I crawled across; his hand was trembling.
‘Faithful Parmenon,’ he whispered. ‘Why have you stayed with me?’
‘Because your mother asked me to.’
His eyes widened, his mouth opened to scream for the others congregated in the doorway at the other end of the cellar. I grabbed his wrist and forced the dagger into his throat. The sharp pointed edge cut deep. As blood bubbled out from both wound and mouth, he leaned forward, coughing, his eyes popping hideously. I could hear the shouts of the approaching Praetorians. Nero tried to touch me, his body trembling.
‘What—’ he muttered.
‘What?’ I asked.
‘What a great artist perishes in me . . .’
‘Aye, Nero, and what a great monster,’ I replied.
His eyes were already glazing over in death, as Phaeon and the others held back the soldiers. I slipped down a narrow passageway, which led out to an old wine cellar, its roof long gone. I climbed the walls and in the distance I could see the soldiers crowding round their horses. I hid for a while then fled. Behind me, the last of the great Julio-Claudian family had died like a rat in that dirty cellar.
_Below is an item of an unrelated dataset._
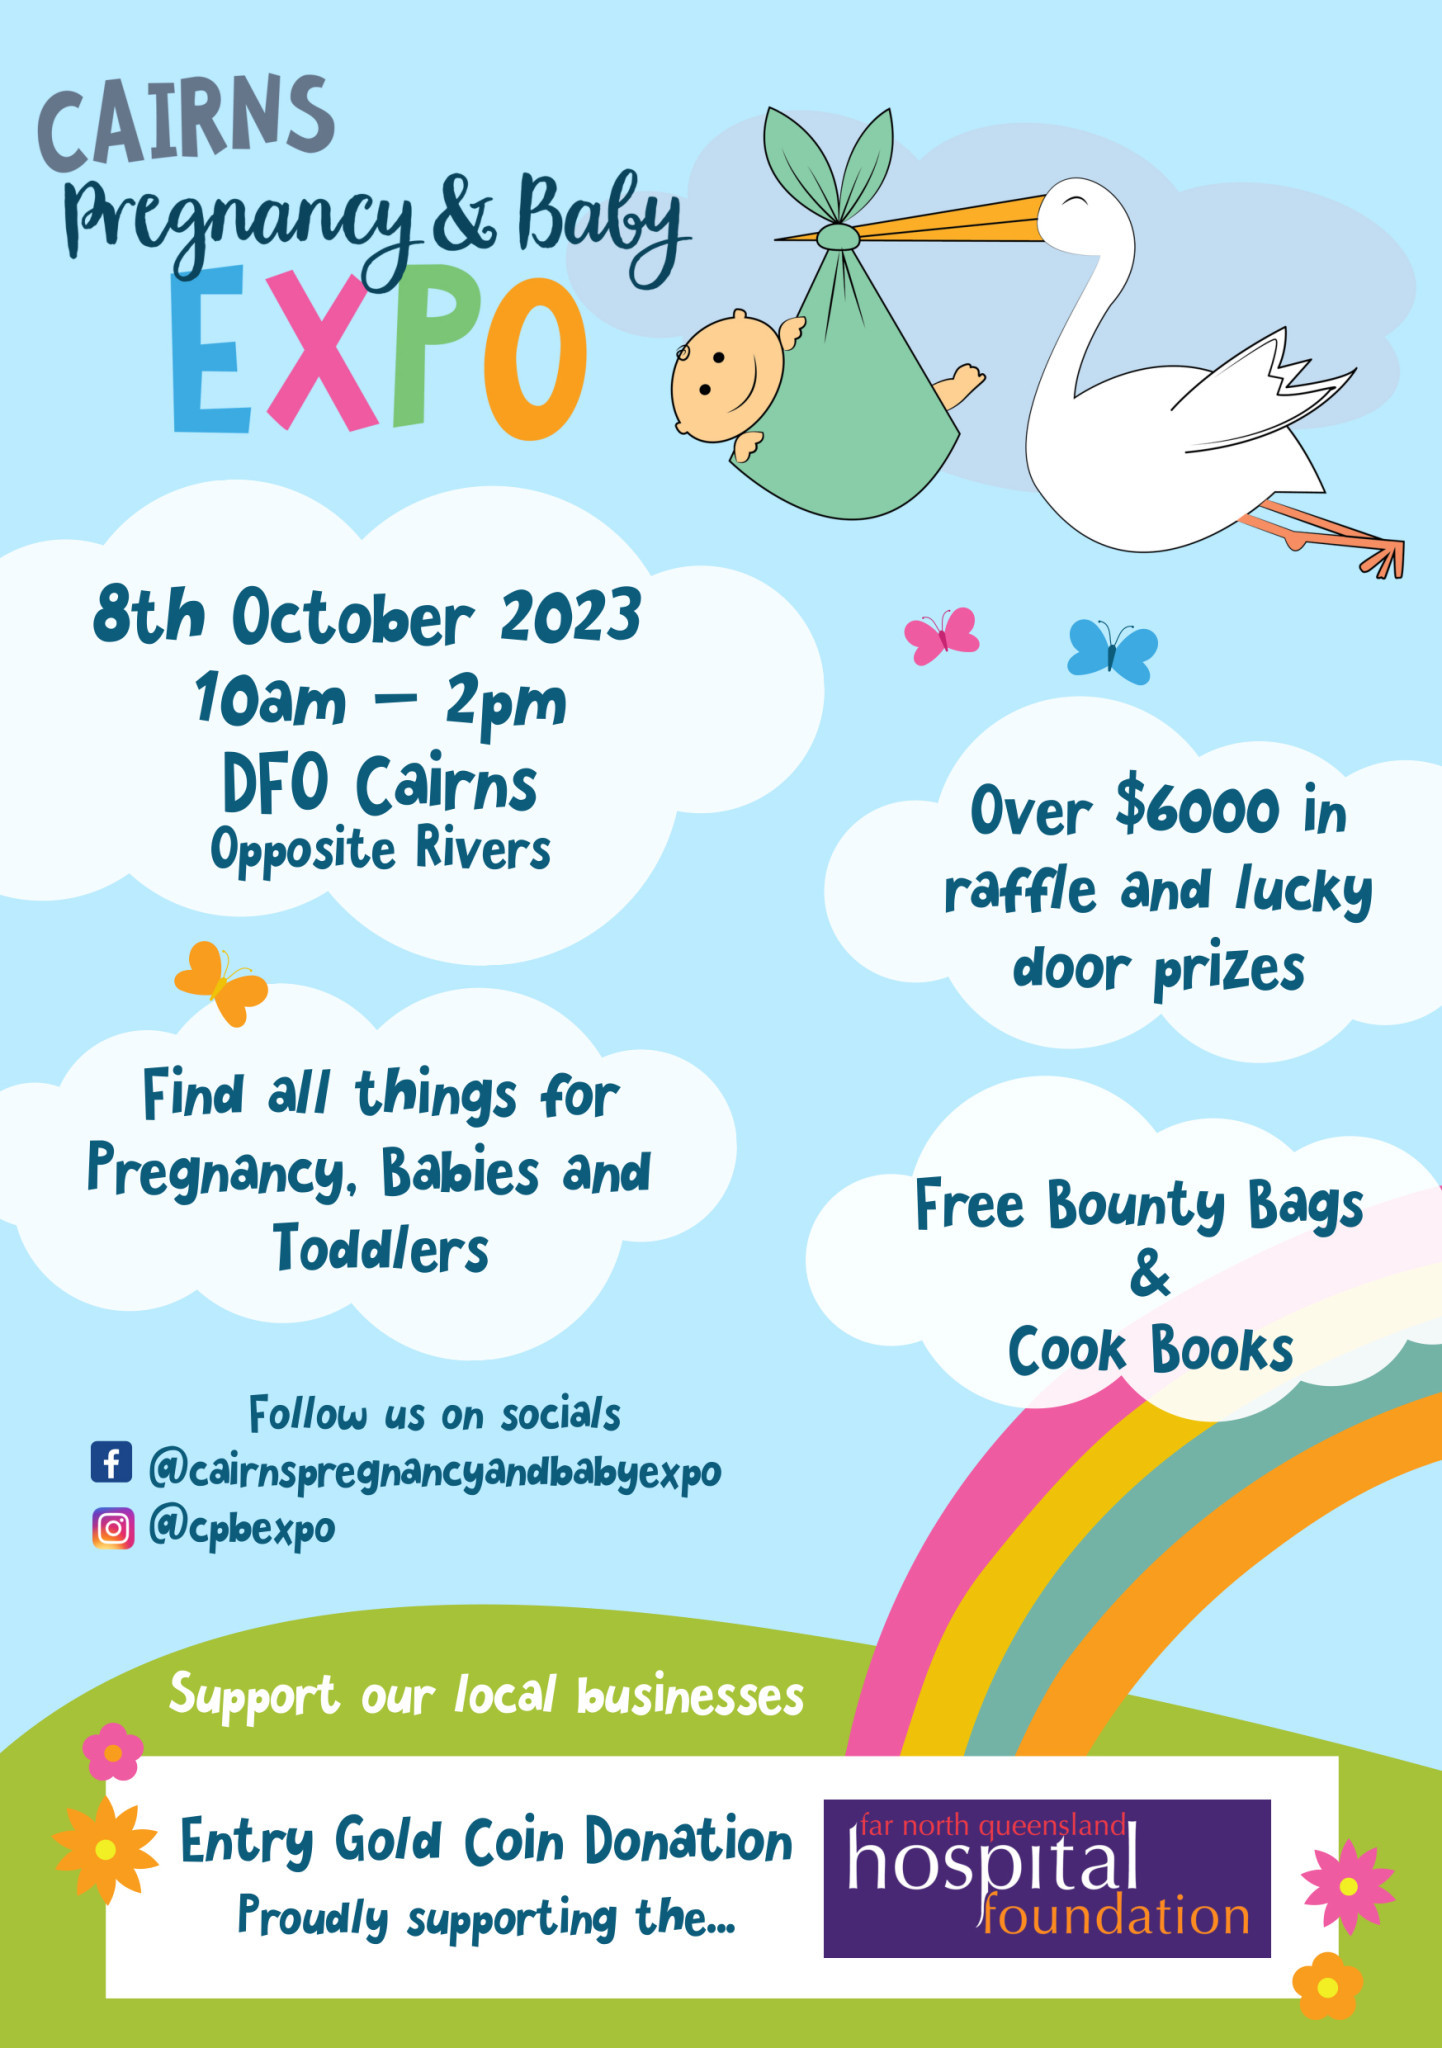 Cairns Pregnancy and Baby Expo Inc 0923

I allowed others such as his secretary to take the honour and credit of having persuaded Nero to die and thus save Rome and its Senate from a humiliating trial. I stayed out of Rome for months, watching as the generals fought over the empire. Galba, Otho, Vitellius: all reigned for a short while before they joined Nero in death, leaving the empire to that cunning, old fox Vespasian and his two darling sons Titus and Domitian. The stage had been cleared. Tiberius, Claudius, Agrippina, Caligula, Nero, and all their hangers-on, were gone like leaves in autumn: dry and dead, nothing but whirling memories. I bought a small farm near Misenum, to be close to Domina’s grave. I erected a proper tablet, laid flowers. I also married a local girl, who was soft and kind, more interested in the seasons, the sky, the soil and the sea than the harsh lust for power. She became a follower of the Christos and tried to persuade me to take their rites. I refused. One night she cuddled close and spoke into my ear.
‘The blessings of Christos,’ she whispered, ‘will protect you against the demons of the underworld.’
For the first time in a long, long while I threw my head back and laughed uproariously. Demons! Fear of demons? Why should I be frightened of demons? I’ve lived with them all my life!
AUTHOR’S NOTE
Suetonius, Tacitus and the other Roman authors give a detailed description of the bloody, violent politics of Imperial Rome during the first century AD. Naturally, they are biased. Such writers yearned for a mythical Golden Republican Age when the virtuous ruled and the common good was pursued. Nevertheless, the convoluted, violent politics of the imperial court require little exaggeration. Rivals fought to the death and, when they fell, always dragged others with them. Agrippina’s task was doubly hard; being a woman she had to strike quickly and ruthlessly, relying more on her wits than on the power of the sword. Hemingway claimed the greatest virtue was courage: Agrippina, daughter of Germanicus, certainly possessed such a virtue. She truly was a ‘Mulier fortis et audax’, a brave and audacious woman. She rose to the pinnacle of Roman imperial power and lost it because of her love for her son, Nero.
In the main I have kept faithfully to sources, including the well-documented stories of Caligula’s ghost and the eerie hauntings which took place after his death. I must point out, before readers write in, that Nero may have used an emerald or a monocle with a concave lens. Seneca certainly discovered how letters could be magnified through a water-filled ball of glass which would operate like a concave lens. The various descriptions of Nero’s attempt to drown his mother are rather confused. I believe that the shipwreck described in this novel, is a probable and accurate account. Agrippina’s grave can still be visited and, quite recently, the German city of Cologne paid her public recognition by erecting a statue to her. Agrippina would have been amused, but at the same time deeply appreciative of such a gesture.